24.05.2024 08:00:03 - dpa-AFX: HINTERGRUND: Letzte Abstimmung: Was das EU-Lieferkettengesetz bedeutet

BRÜSSEL (dpa-AFX) - Lange wurde gerungen - nun steht die wohl letzte
Abstimmung zum EU-Lieferkettengesetz bevor. Bei einem Ministerrat in Brüssel an
diesem Freitag soll es final angenommen werden. Das Vorhaben und dessen
Auswirkungen im Überblick:

Was ist das Ziel des EU-Lieferkettengesetzes?

Ziel des EU-Lieferkettengesetzes ist es, Menschenrechte weltweit zu stärken. Große Unternehmen sollen zur Rechenschaft gezogen werden können, wenn sie von
Menschenrechtsverletzungen wie Kinder- oder Zwangsarbeit profitieren. Sie sollen
zudem einen Plan erstellen, der darauf abzielt, sicherzustellen, dass ihr
Geschäftsmodell mit dem Ziel vereinbar ist, die Erderwärmung auf 1,5 Grad im
Vergleich zur vorindustriellen Zeit zu begrenzen.

Betroffene Unternehmen müssen nach Angaben des EU-Parlaments etwa
vertragliche Zusicherungen ihrer Zulieferer einholen. Falls nötig, müssten sie
außerdem kleine und mittlere Unternehmen, mit denen sie Geschäfte machen,
unterstützen, damit diese den neuen Verpflichtungen nachkommen könnten.

Was bedeutet das Gesetz für Verbraucherinnen und Verbraucher?

Der Referent für nachhaltigen Konsum im Verbraucherzentrale Bundesverband
(vzbv), Jochen Geilenkirchen, sieht in dem EU-Lieferkettengesetz eine Entlastung
für Verbraucherinnen und Verbraucher. "Es nimmt diejenigen für nachhaltige
Produkte im Supermarkt in die Verantwortung, die wirklich dafür sorgen können:
die Unternehmen", betonte er. Verbraucherinnen und Verbraucher könnten durch
Kaufentscheidungen ohnehin nicht korrigieren, was in der Lieferkette
schieflaufe.

Ein Gutachten des Wissenschaftlichen Beirats beim Bundesministerium für
Ernährung und Landwirtschaft habe gezeigt, dass die zu erwartenden
Kostensteigerungen durch das EU-Lieferkettengesetz überschaubar seien. Außerdem
sei es dem Gutachten zufolge weniger wahrscheinlich, dass dadurch bestimmte
Produkte wegfielen als beim schon geltenden deutschen Lieferkettengesetz. Dem
Verband ist nicht bekannt, dass infolge der Einführung des deutschen Gesetzes
Produkte aus bestimmten Regionen weggefallen seien.

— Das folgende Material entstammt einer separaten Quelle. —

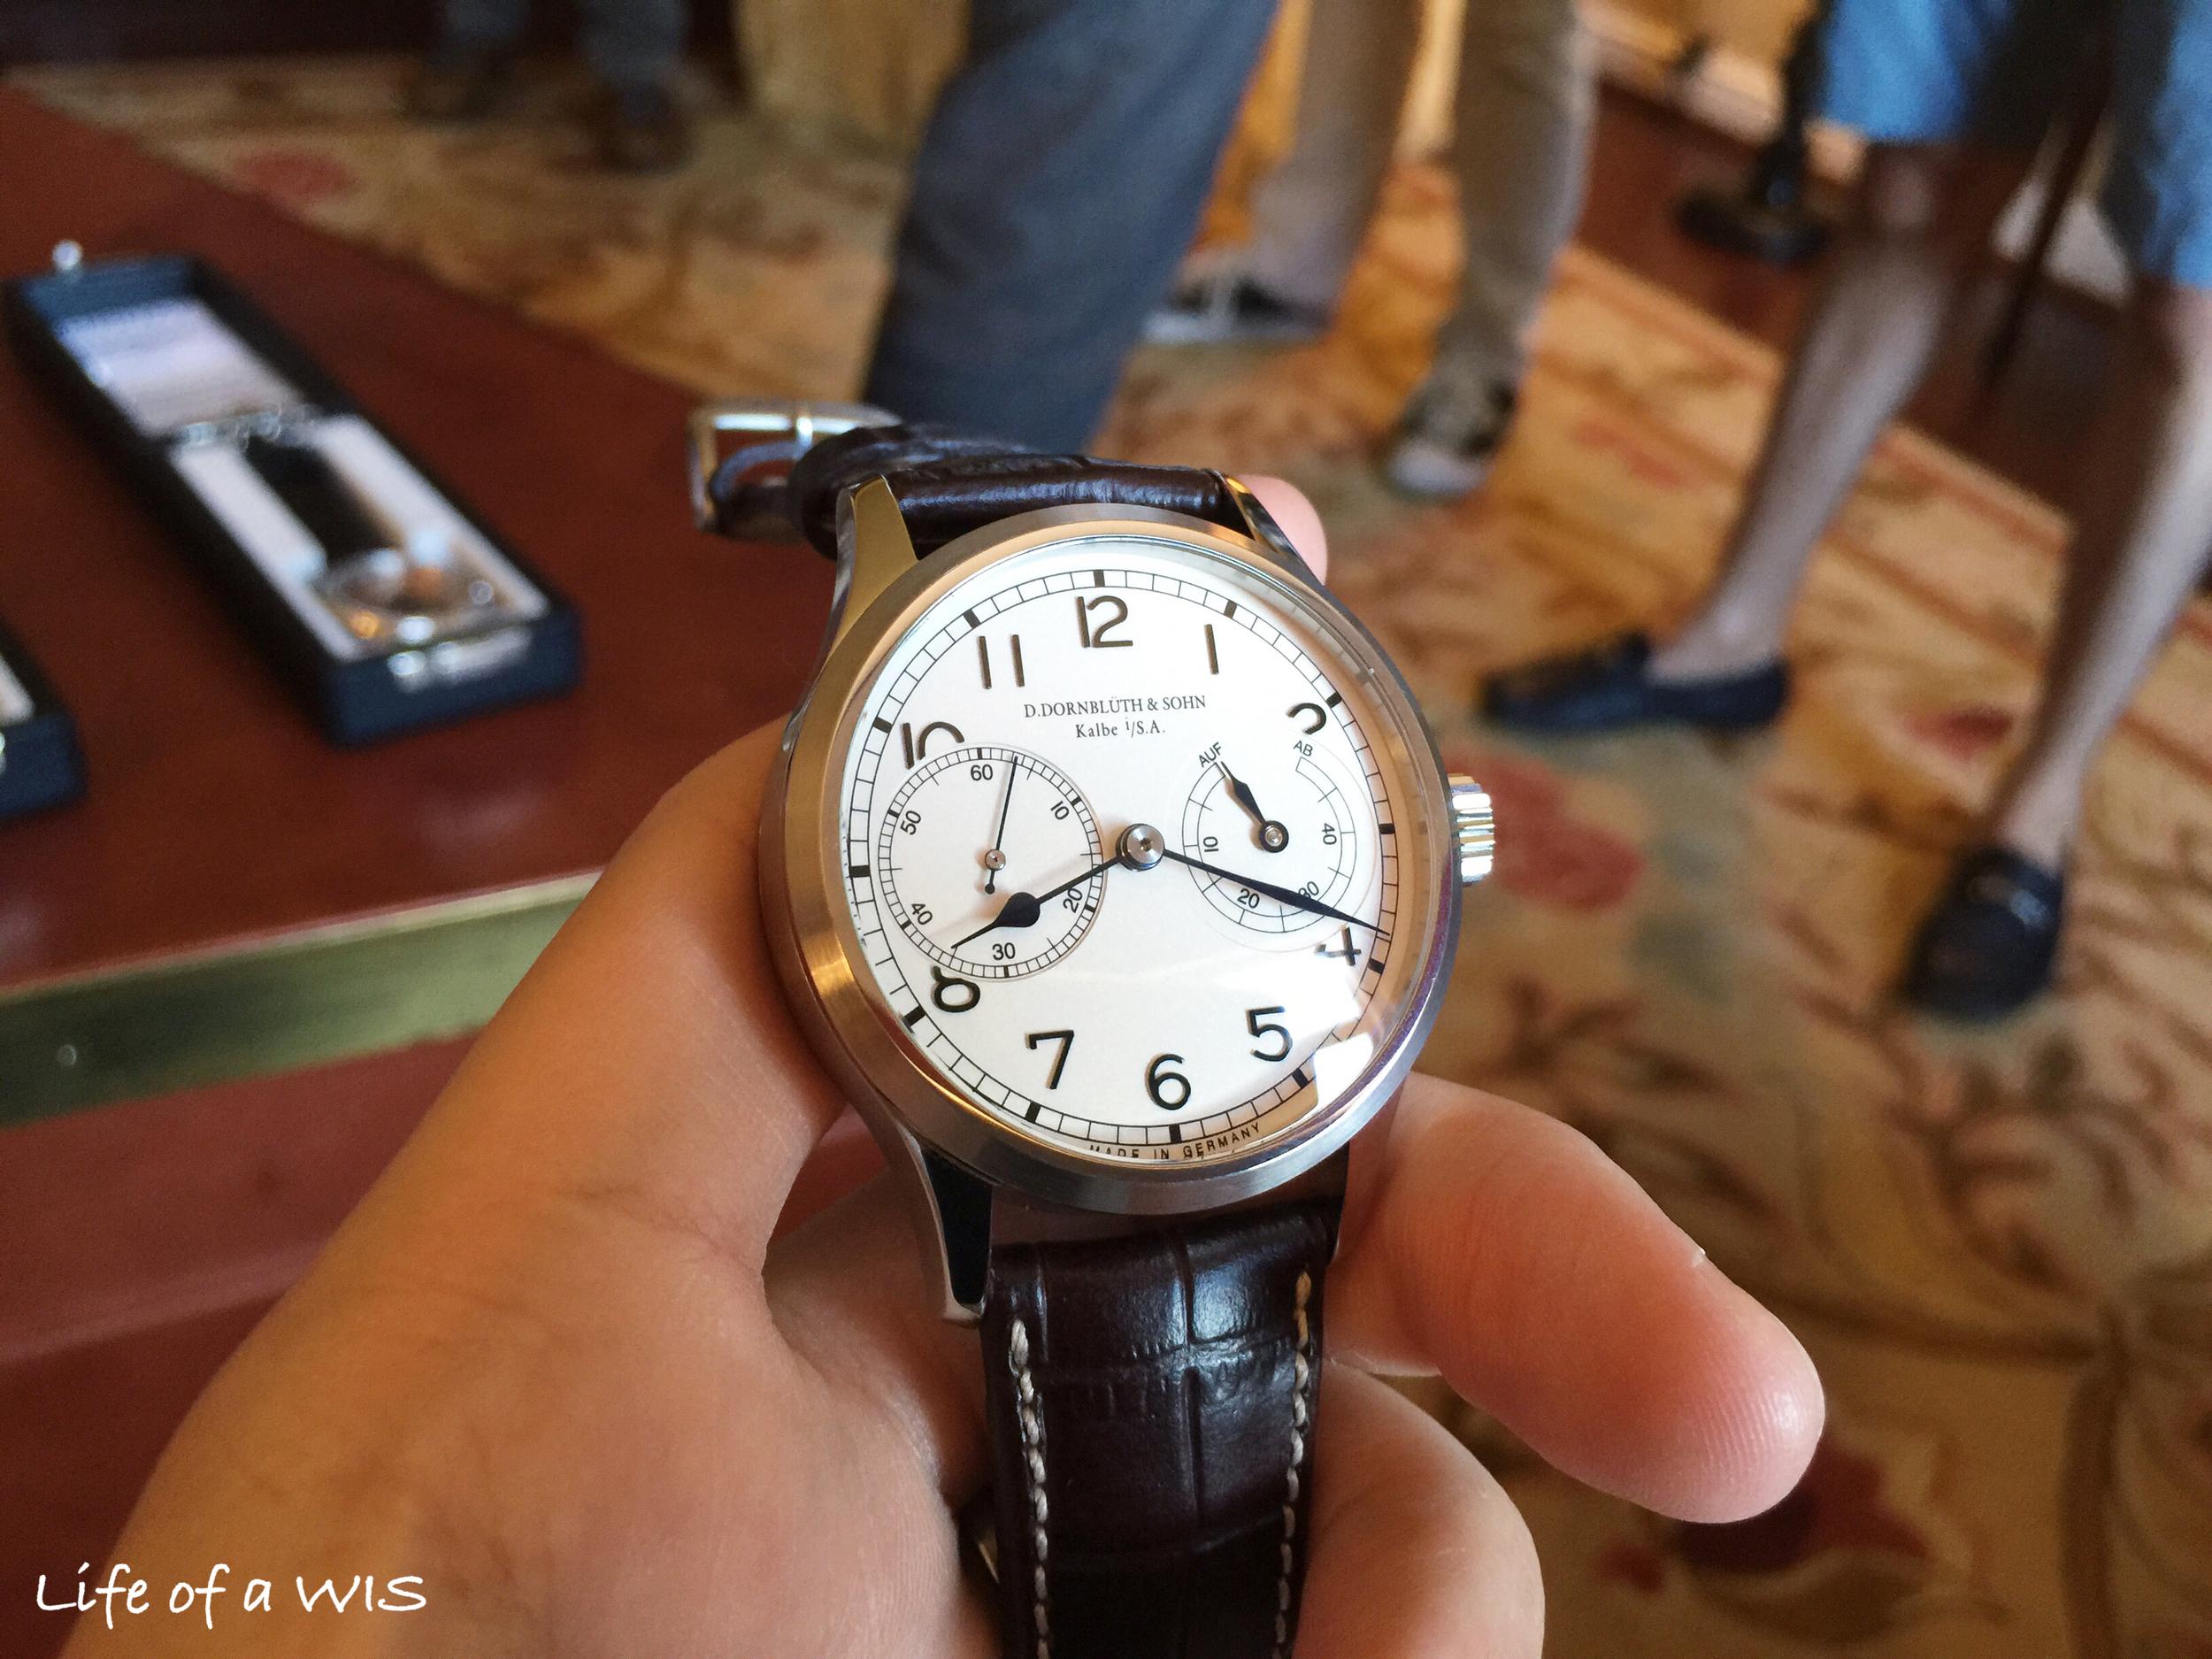 A very clean dial on the D. Dornbluth & Sohn 99.2, $6,460.

Wie unterscheiden sich das europäische und das deutsche Lieferkettengesetz?

Einer der größten Unterschiede ist die Haftbarkeit: Im deutschen Gesetz ist
ausgeschlossen, dass Unternehmen für Sorgfaltspflichtverletzungen haftbar sind -
das EU-Gesetz lässt das zu. Darüber hinaus gilt das deutsche Lieferkettengesetz
für Unternehmen mit 1000 oder mehr Mitarbeitenden. In den kommenden Jahren sind
von der deutschen Version also in der Bundesrepublik mehr Unternehmen betroffen
als von der EU-Variante.

Wie wurde das Gesetz im Verhandlungsprozess abgeschwächt?

Ursprünglich sah ein Kompromiss von Unterhändlern der EU-Staaten und des
Europaparlaments vor, dass Unternehmen mit mehr als 500 Beschäftigten und
mindestens 150 Millionen Euro Umsatz von den Vorgaben betroffen sind. Diese
Grenze wurde jedoch auf 1000 Beschäftigte und 450 Millionen Euro angehoben, nach
einer Übergangsfrist von fünf Jahren. Nach drei Jahren sollen die Vorgaben
zunächst für Firmen mit mehr als 5000 Beschäftigten und mehr als 1,5 Milliarden
Euro Umsatz weltweit gelten, nach vier Jahren sinken diese Grenzen dann auf 4000
Mitarbeitende und 900 Millionen Umsatz.

Was passiert bei Verstößen gegen das EU-Gesetz?

Die EU-Staaten sollen eine Aufsichtsbehörde benennen, die den Unternehmen
auf die Finger schaut. Diese soll auch Strafen gegen Unternehmen verhängen
können, wenn diese sich nicht an die Vorschriften halten. Es können Geldstrafen
von bis zu fünf Prozent des weltweiten Nettoumsatzes eines Unternehmens fällig
werden.

Was halten Wirtschaftsexperten von den Vorschriften?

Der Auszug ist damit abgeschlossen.